In this paper, we have presented simulations of turbulent flow in an open channel whose bed is covered with vegetation. The vegetation has been modeled by a series of small diameter rigid cylinders which protrude vertically from the channel bed. Calculations of velocity, kinetic energy, kinetic energy dissipation rate and eddy viscosity distribution on different plane sections show clearly that the presence of the vegetation affect considerably the fluid motion. As expected, vortices are formed in the wake region behind the cylinders. For the staggered arrangement of the cylinders and the distances among the cylinder (in multiples of cylinder diameters) studied, the interaction of the wakes is weak. The distribution of kinetic energy and kinetic energy dissipation rate on the cylinders reveal low values near the bottom of the channels which increase as we move at the top of the cylinders. Regarding eddy viscosity, it seems that low values are detected at the central part of the channel and they increase as we move near the solid walls. Moreover, it turns out that in the top and the bottom of the flow depth a “layer” of high eddy viscosity values exist whose pattern depends on the presence of the cylinders. The flow around the cylinder causes a force which is the resultant of the forces due to shear stresses and pressures on its surface. The total force is analyzed into two components, one parallel to the flow (roll resistance), and a component perpendicular to the flow called dynamic buoyancy of the cylinder. The cylinder resistance is due to frictional stresses on the surface and at different pressures as the height of the cylinder increases. The part of the resistance due to friction is called frictional resistance while the part of the resistance due to the different pressures along the cylinder is called form resistance. The effect of the flow rate on the velocity pattern is also investigated. The influence is detected mainly on the top of the vegetation where there is a maximum velocity layer whose thickness increases as the mass flow increases. Close to the bottom of the channel, the pattern is not greatly influenced from the flow rate, at least for the cases studied in this work.
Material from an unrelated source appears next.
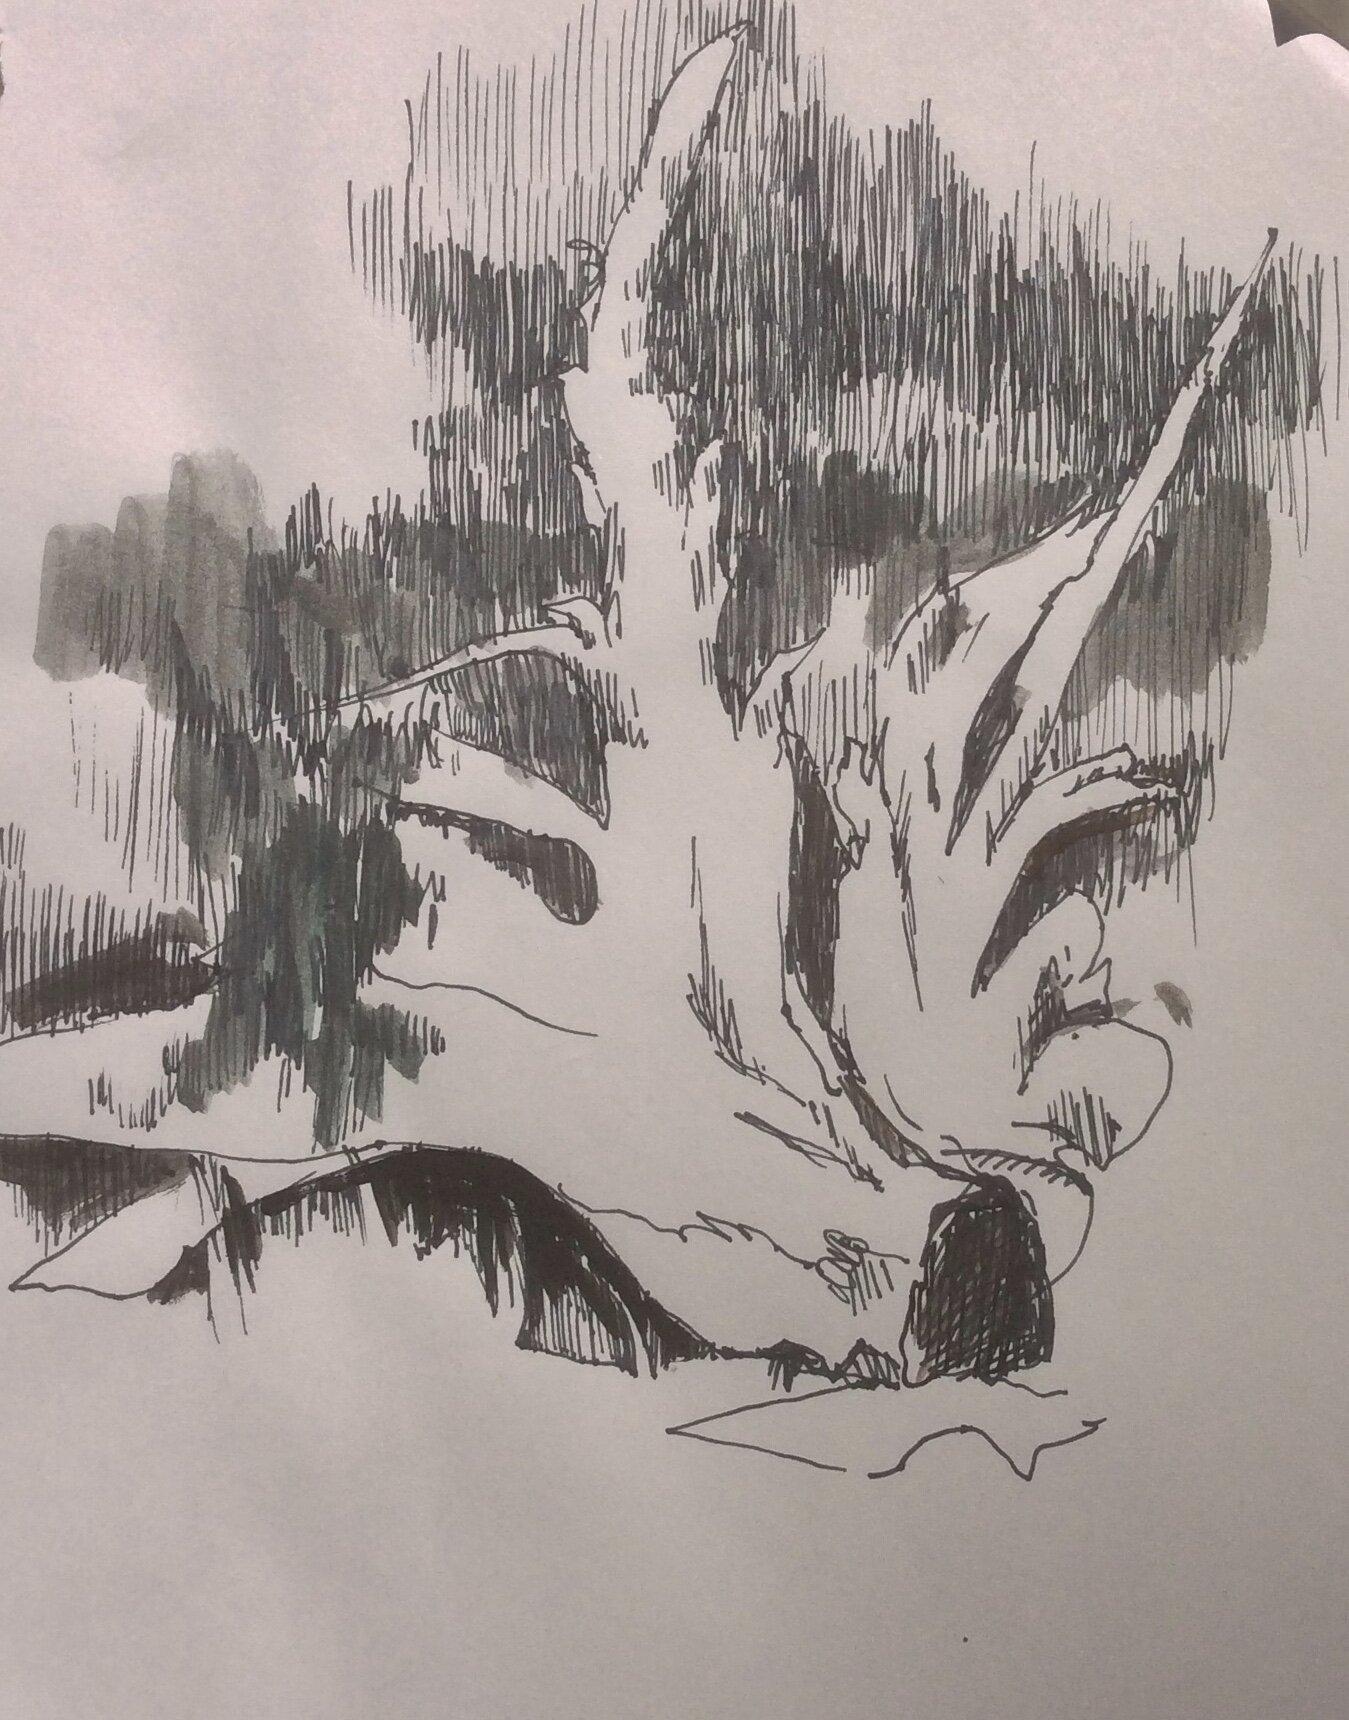 Alaska Sketch 14

The present study was carried out in order to develop tools for the calculation of the mean flow and turbulence characteristics which are important for understanding sediment transport and pollution process in floodplains. The effect of vegetation on quantities such as velocity, kinetic energy, kinetic energy dissipation rate and eddy viscosity distribution is significant and should be further investigated with thicker vegetation stems, higher vegetation density and flexibility, on various conditions of channel bed. The authors believe that the present work constitutes a first step in the development of detailed flow models for flow in open channels with non-emergent vegetation. Incorporation of models of flexible plants will open the path for realistic modeling of sediment transport processes in vegetated floodplains as well as contaminant transport and dispersion. Looking forward, one envisages the use of such models for the design of macro-filters useful in environmental applications.